The pros and cons of different imputation methods and the models that incorporate missing values automatically.

Missing values are a common problem in many Data science projects. In my previous article about missing values here, I discussed missing data and identifying each type. In this follow-up post, imputation methods and models that handle missing values are discussed.


Imputation

Imputation is an effective tool to handle missing values. The problems with different missing data types are mitigated by inserting a descriptive value or even computing a value based on the remaining known value.

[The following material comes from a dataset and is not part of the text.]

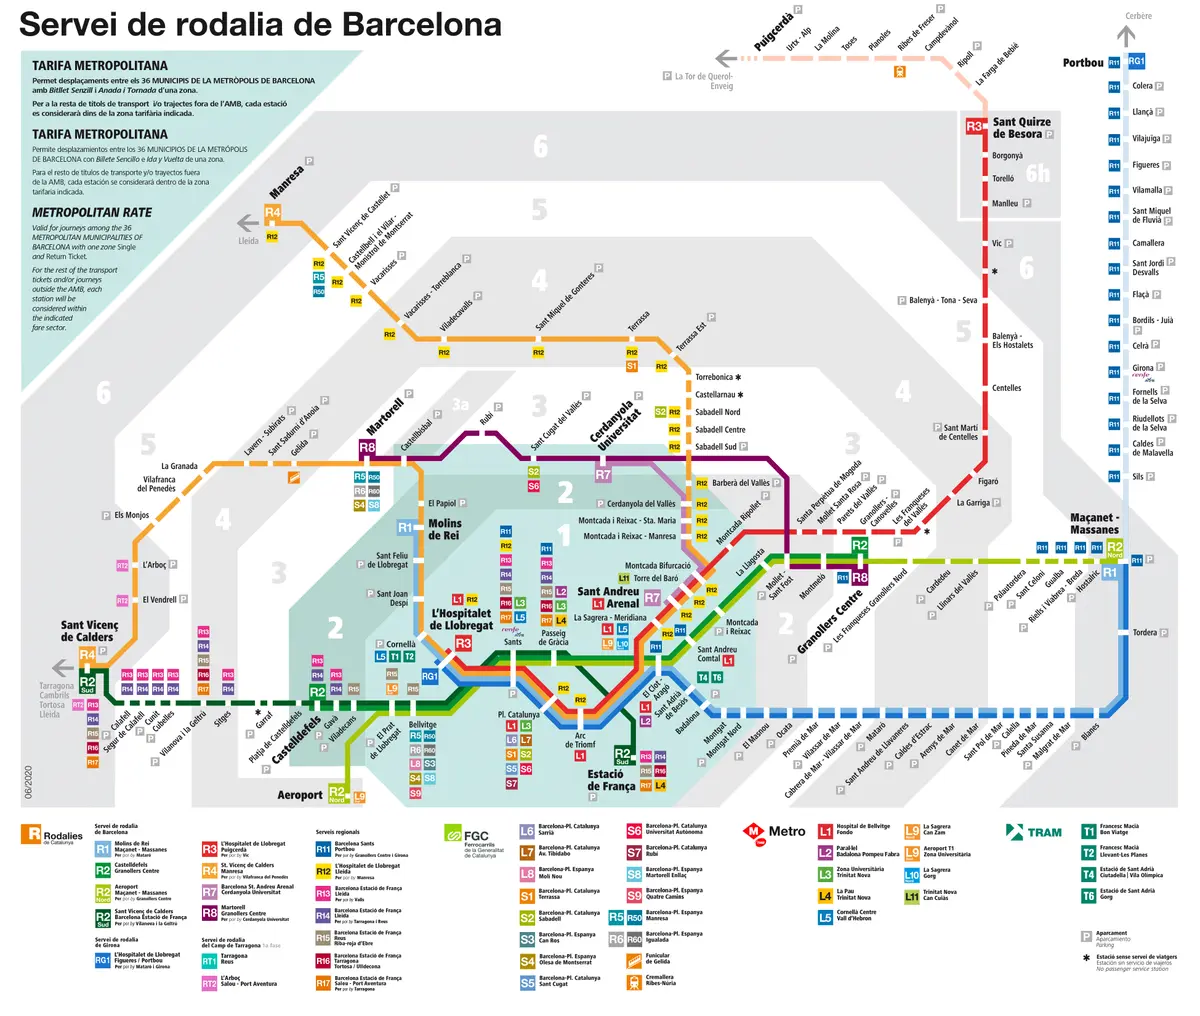 precio tren barcelona castelldefels - Qué tren se agarra para ir a Castelldefels

While no approach is perfect and not better than the actual data, imputation can be better than removing the instance entirely.

There are many different approaches to missing value imputation, but a few methods are focused on here.

  • Simple imputation
  • KNN Imputation
  • Iterative Imputation

These methods are found in the commonly used scikit-learn packages and compatible with standard data formats in Python. The basic process to impute missing values into a dataframe with a given imputer is written in the code block below.

imputer = SimpleImputer(strategy='mean')
# df is a pandas dataframe with missing values
# fit_transform returns a numpy array
df_imputed = imputer.fit_transform(df)
# Convert to pandas dataframe again
df_imputed = pd.DataFrame.from_records(df_imputed, columns=df.columns)

Simple Imputation

The most basic imputation method imputes either a constant value for each missing data point. Alternatively, you can use these methods to calculate and impute either the mean, median, or most frequent value for your dataset.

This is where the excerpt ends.